Se você está contando com esse dinheiro, talvez a demissão por acordo não seja a melhor opção no momento. 

Como pedir demissão por acordo? 

  1. Converse com o RH ou seu chefe direto: Explique que deseja sair da empresa e pergunte se há possibilidade de fazer uma demissão por acordo.
  2. Aguarde a resposta da empresa: A empresa não é obrigada a aceitar, assim como você também não é obrigado a aceitar caso a proposta venha deles.
  3. Formalize o acordo por escrito: Se ambos concordarem, é hora de documentar. Pode ser um termo assinado pelas duas partes ou até um e-mail com confirmação.
  4. Verifique os termos e valores: Confirme os direitos garantidos no acordo: metade da multa do FGTS, aviso-prévio proporcional e saque de até 80% do saldo do FGTS (sem direito ao seguro-desemprego).
  5. Finalize o processo com o RH: Após a formalização, siga as orientações do setor de RH para cumprir os trâmites de desligamento.
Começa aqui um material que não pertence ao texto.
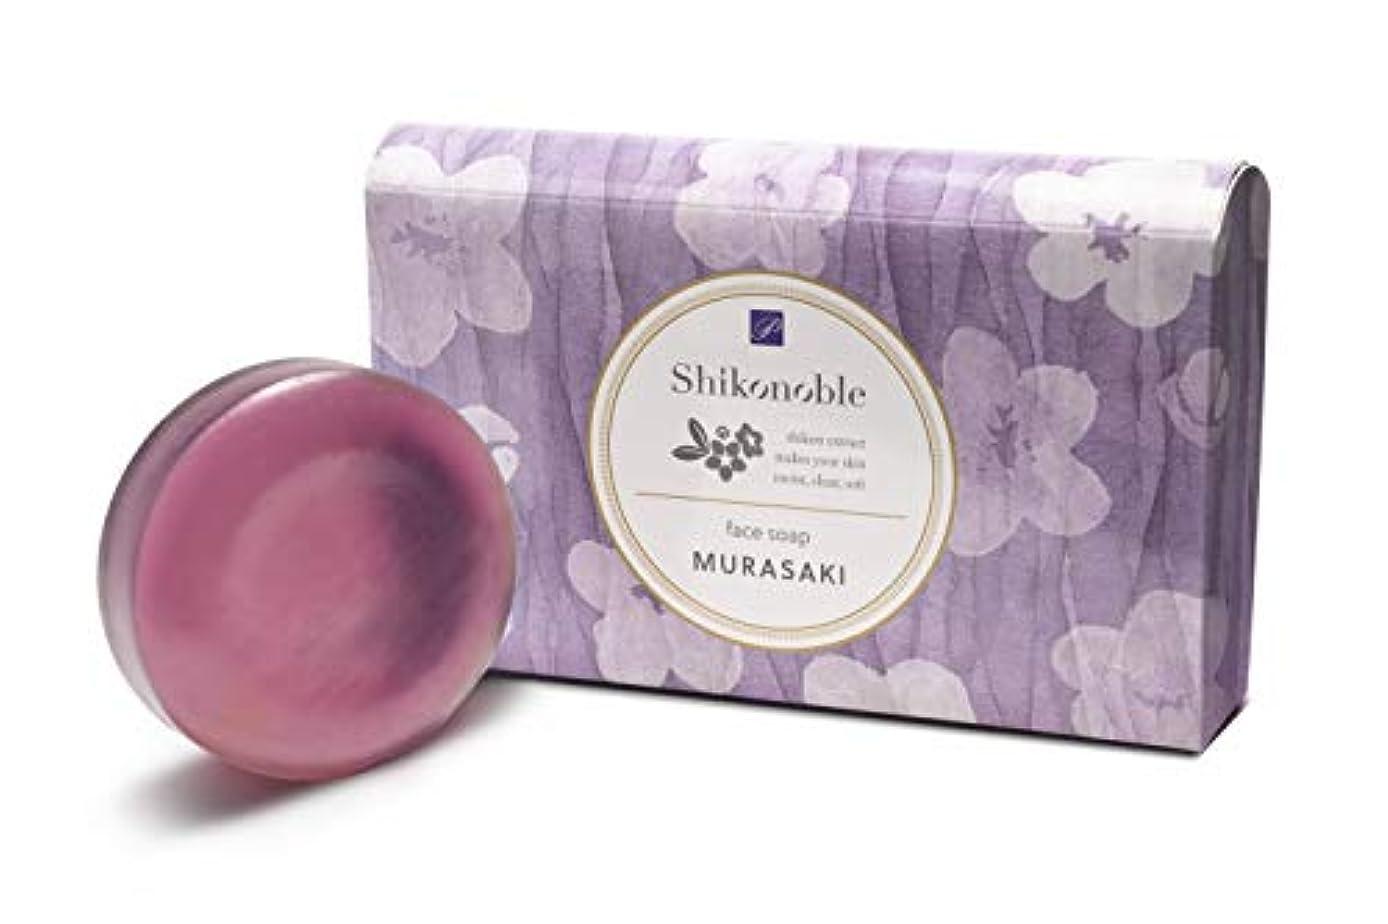 逸脱のぞき穴ブートフェイスソープ紫(枠練り石けん)100g×2個

Esse processo garante segurança para os dois lados — desde que seja feito com transparência e livre vontade.

Como calcular a demissão por acordo? 

Vamos usar um exemplo bem direto: 

Imagine que você tem direito a: 

  • R$ 3.000 de salário do mês; 
  • R$ 2.000 de férias proporcionais + 1/3; 
  • R$ 2.000 de 13º proporcional; 
  • R$ 5.000 no FGTS. 

Na demissão comum, você teria R$ 2.000 de multa do FGTS (40%). Na demissão acordada, essa multa cai pela metade: R$ 1.000. 

O aviso prévio também muda: ao invés de receber um mês completo, você recebe só 15 dias (50%). 
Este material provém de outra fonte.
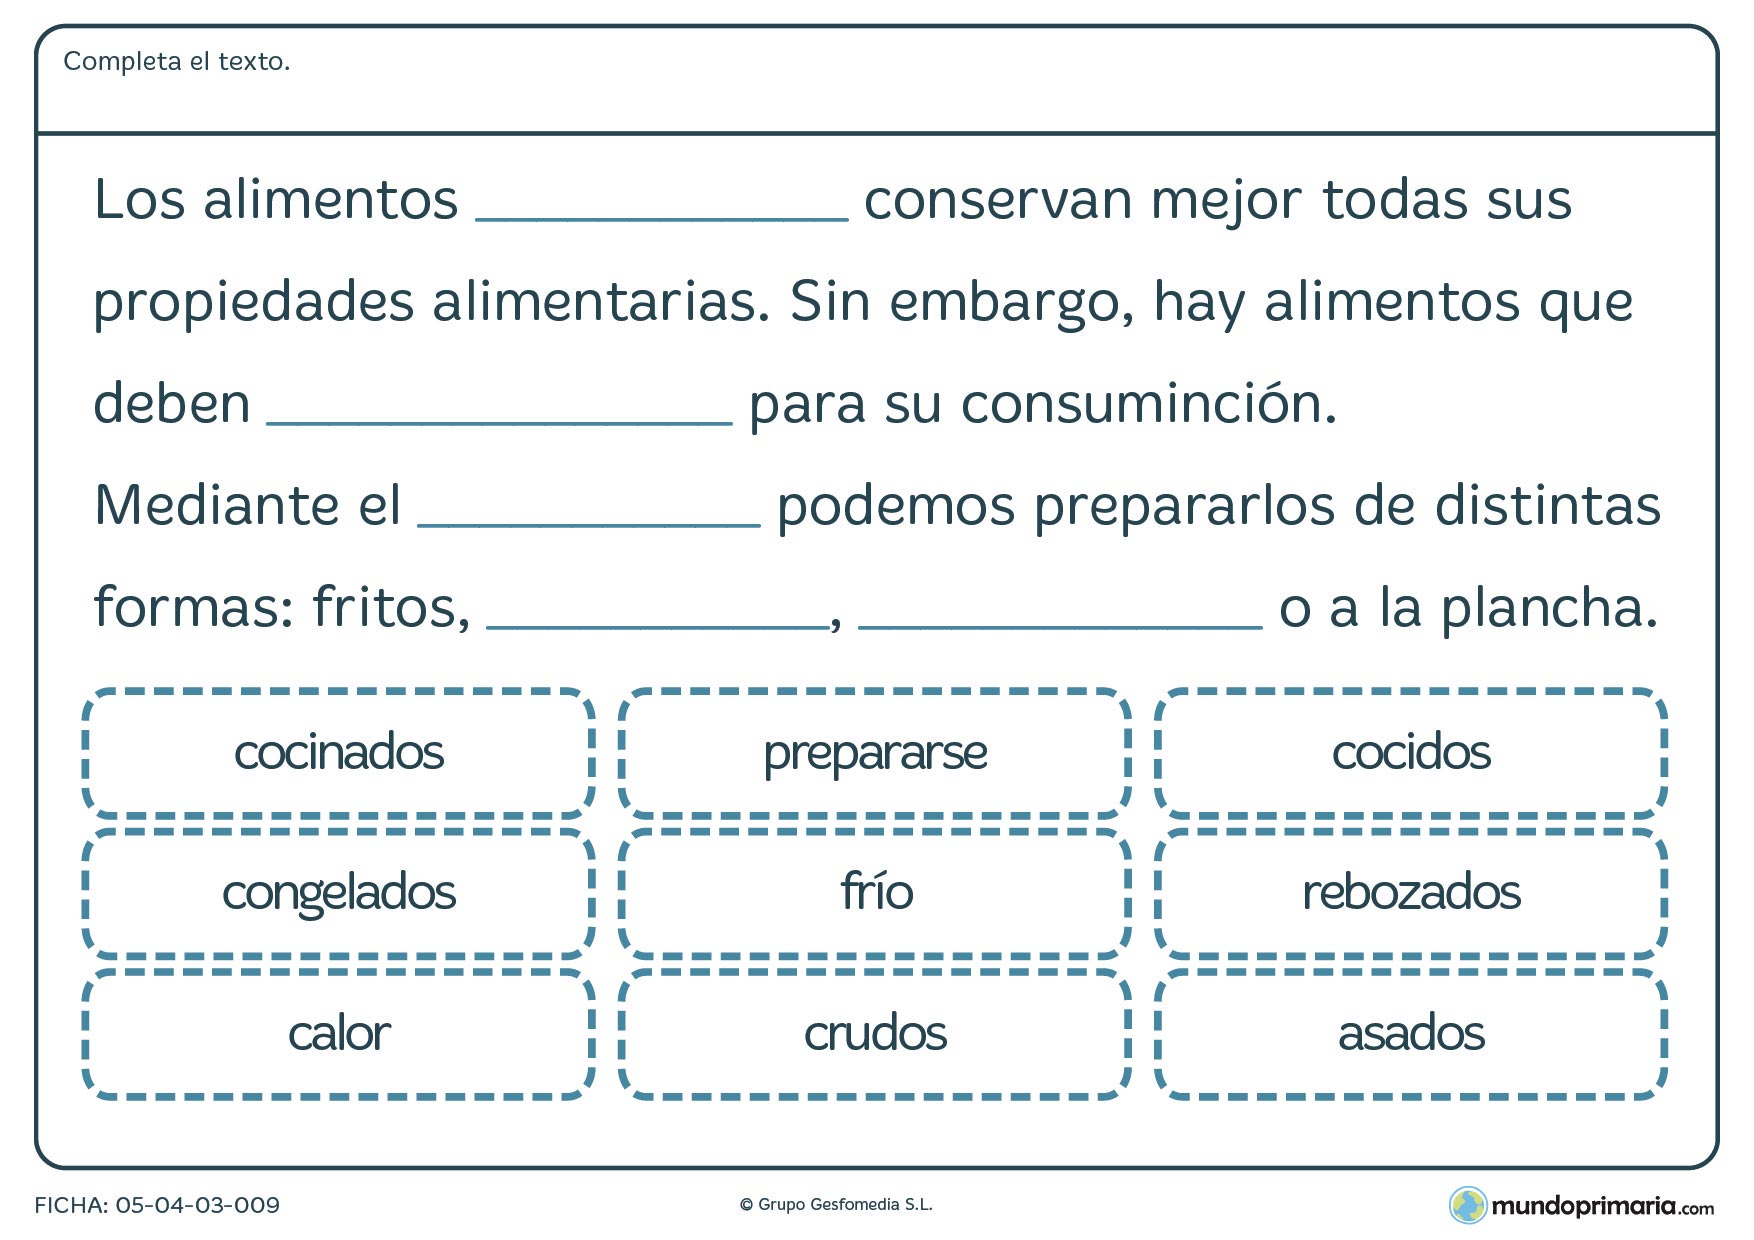 Ficha de alimentos y formas de cocinarlos en el que hay que completar el texto con las palabras proporcionadas.

Você também só pode sacar 80% do FGTS, e não pode pedir seguro-desemprego

Vale a pena fazer demissão por acordo? 

Se você não precisa do seguro-desemprego e quer sair da empresa de forma amigável, pode valer sim. 

Mas se você está contando com o benefício ou precisa do dinheiro do FGTS inteiro, talvez seja melhor esperar ou conversar com a empresa sobre outra forma de desligamento

A demissão por acordo é uma opção legal e segura, desde que feita com clareza, honestidade e de forma documentada. Avalie seus direitos, pense no momento que está vivendo e converse com a empresa de forma aberta. 

Se for feita da forma certa, a demissão por acordo trabalhista pode evitar problemas futuros — dos dois lados. 

Perguntas Frequentes

A empresa é obrigada a aceitar o pedido de demissão por acordo? 
Não. Tudo precisa ser de comum acordo. Se uma das partes não quiser, não acontece. 

Precisa de homologação no sindicato? 
Não. Desde 2017, a maioria dos casos de rescisão não precisa mais de homologação sindical, nem mesmo na demissão por acordo trabalhista. 

Posso sacar todo meu FGTS? 
Não. Só pode sacar até 80%. O restante continua lá, rendendo. 

E se eu quiser o seguro-desemprego? 
Nesse caso, o ideal seria ser demitido sem justa causa. Na demissão por acordo, o benefício não é liberado.